Far ammorbidire la gelatina in un po' di acqua fredda. Mettere in un pentolino 300 ml di acqua, aggiungere il dolcificate acquistabile anche con gli Sconti, il succo di limone e le scorze di arancia. Riscaldare, mescolando bene per far sciogliere il dolcificante.

In seguito far sciogliere la gelatina sgocciolata. Lasciare in infusione per 20 minuti. Filtrare il preparato con un colino. Quando il preparato è freddo, incorporare lo yogurt, l’aroma arancia e l’acqua di fiori d’arancio. Versare il tutto in coppette singole e lasciar riposare in frigorifero per 6 ore.

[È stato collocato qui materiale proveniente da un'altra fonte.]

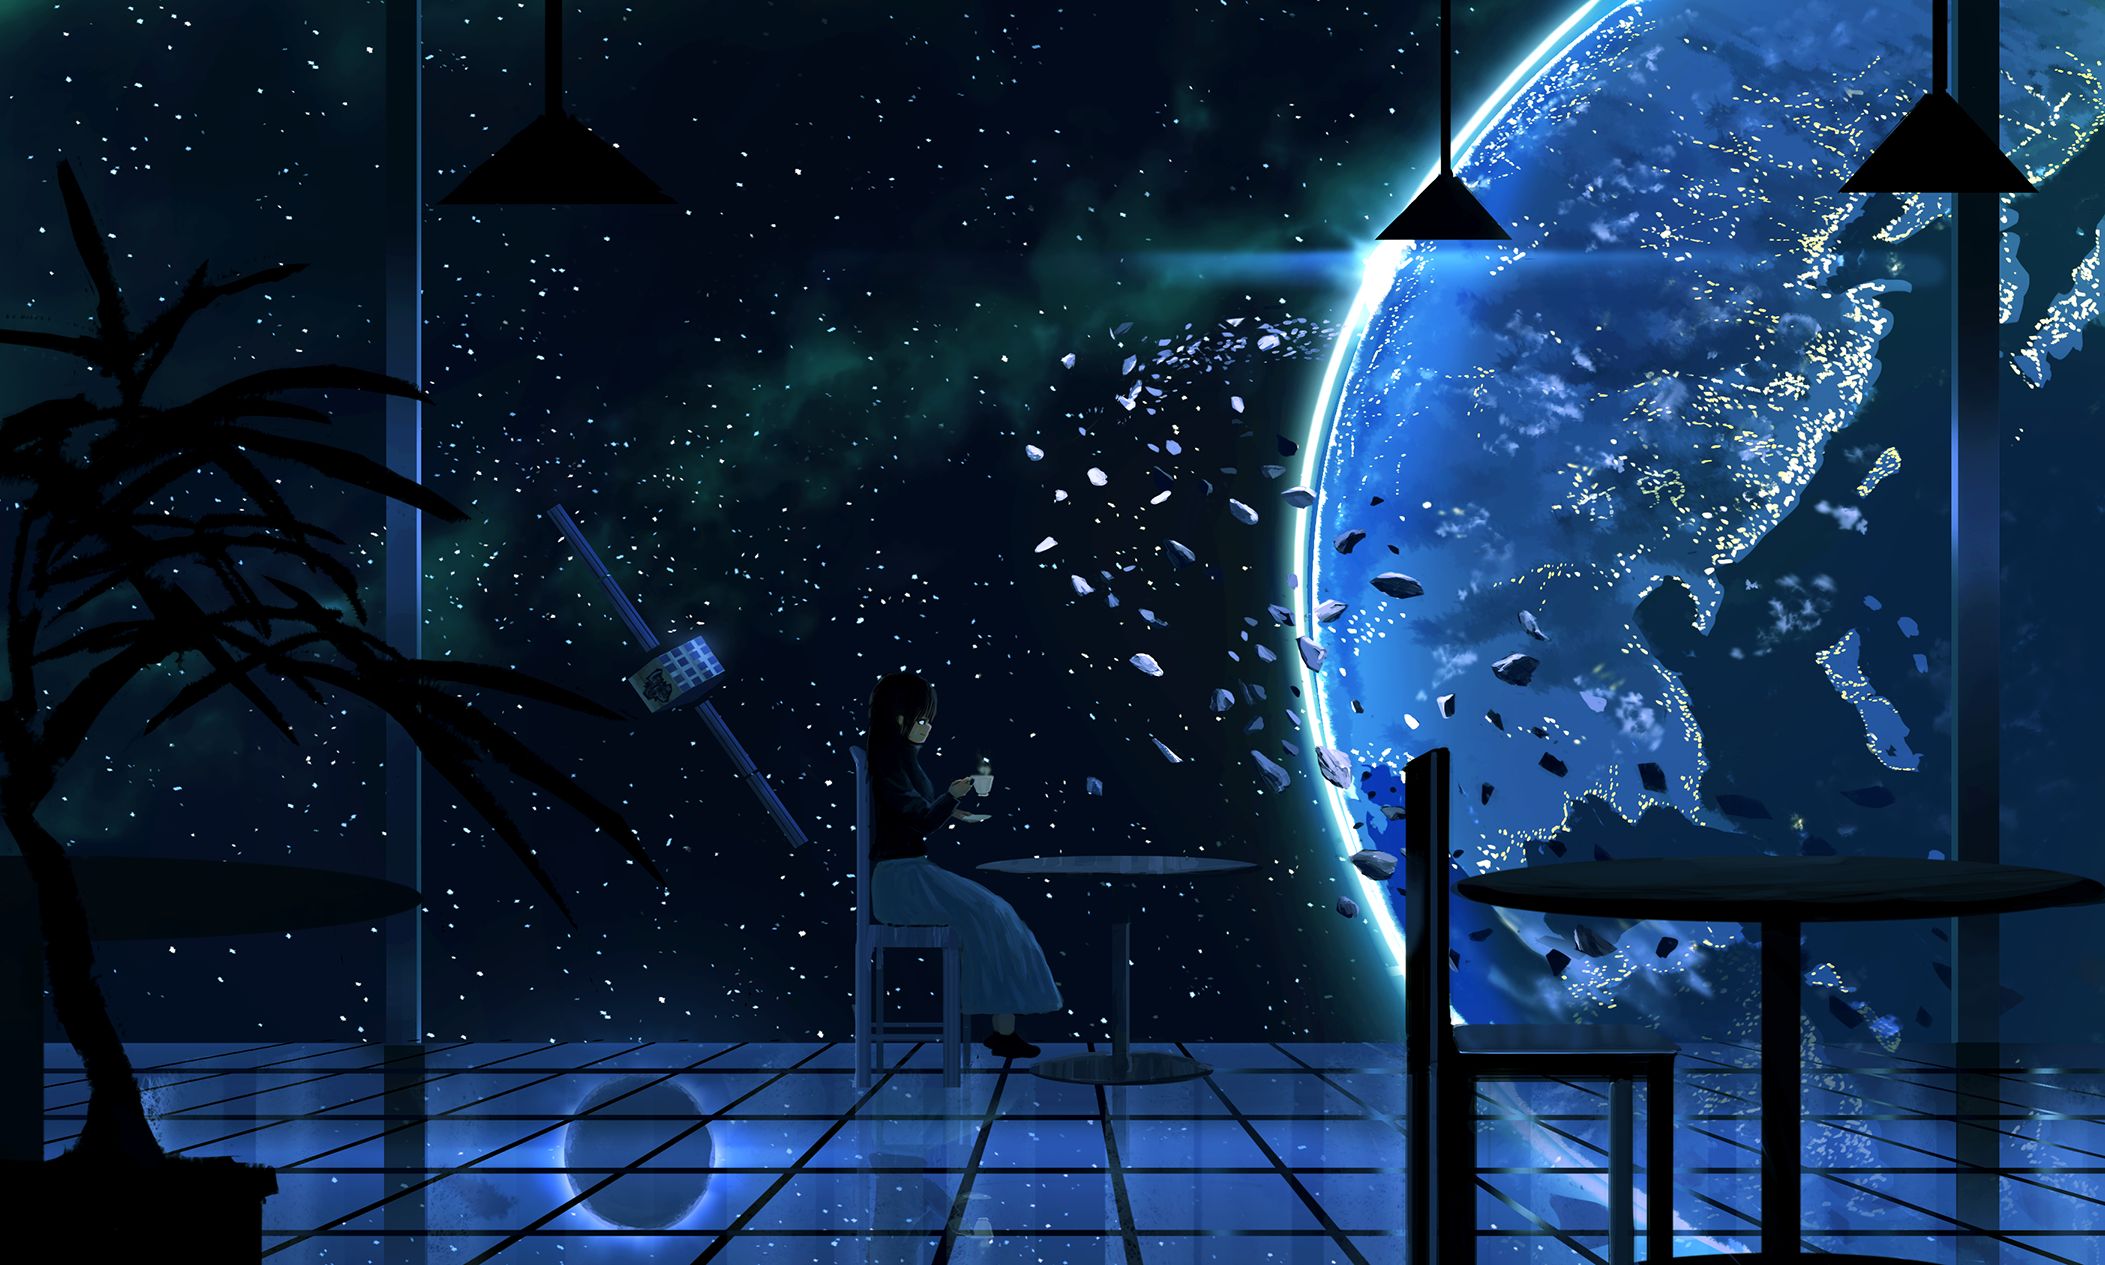 Скачать обои бесплатно Аниме, Ночь, Планета, Оригинал картинка на рабочий стол ПК

Come avete potuto vedere la preparazione non è impegnativa soprattuto per chi, come me, prepara spesso dolci ed è attrezzata in dispensa con tutto ciò che serve. Ovviamente stiamo preparando un dolce che rispetta un regime alimentare controllato sotto il profilo calorico quindi non puo' essere "dolcissimo", ma sicuramente e' molto gradevole grazie al suo sentore di agrumi. Se avete qualche dubbio sugli ingredienti da utilizzare vi rimando ai buoni sconto Dieta Dukan.

Che la vogliate fare per un solo motivo estetico e perche' piu' seriamente ne avete bisogno per questioni di salute, essere a dieta non e' mai stato cosi' dolce!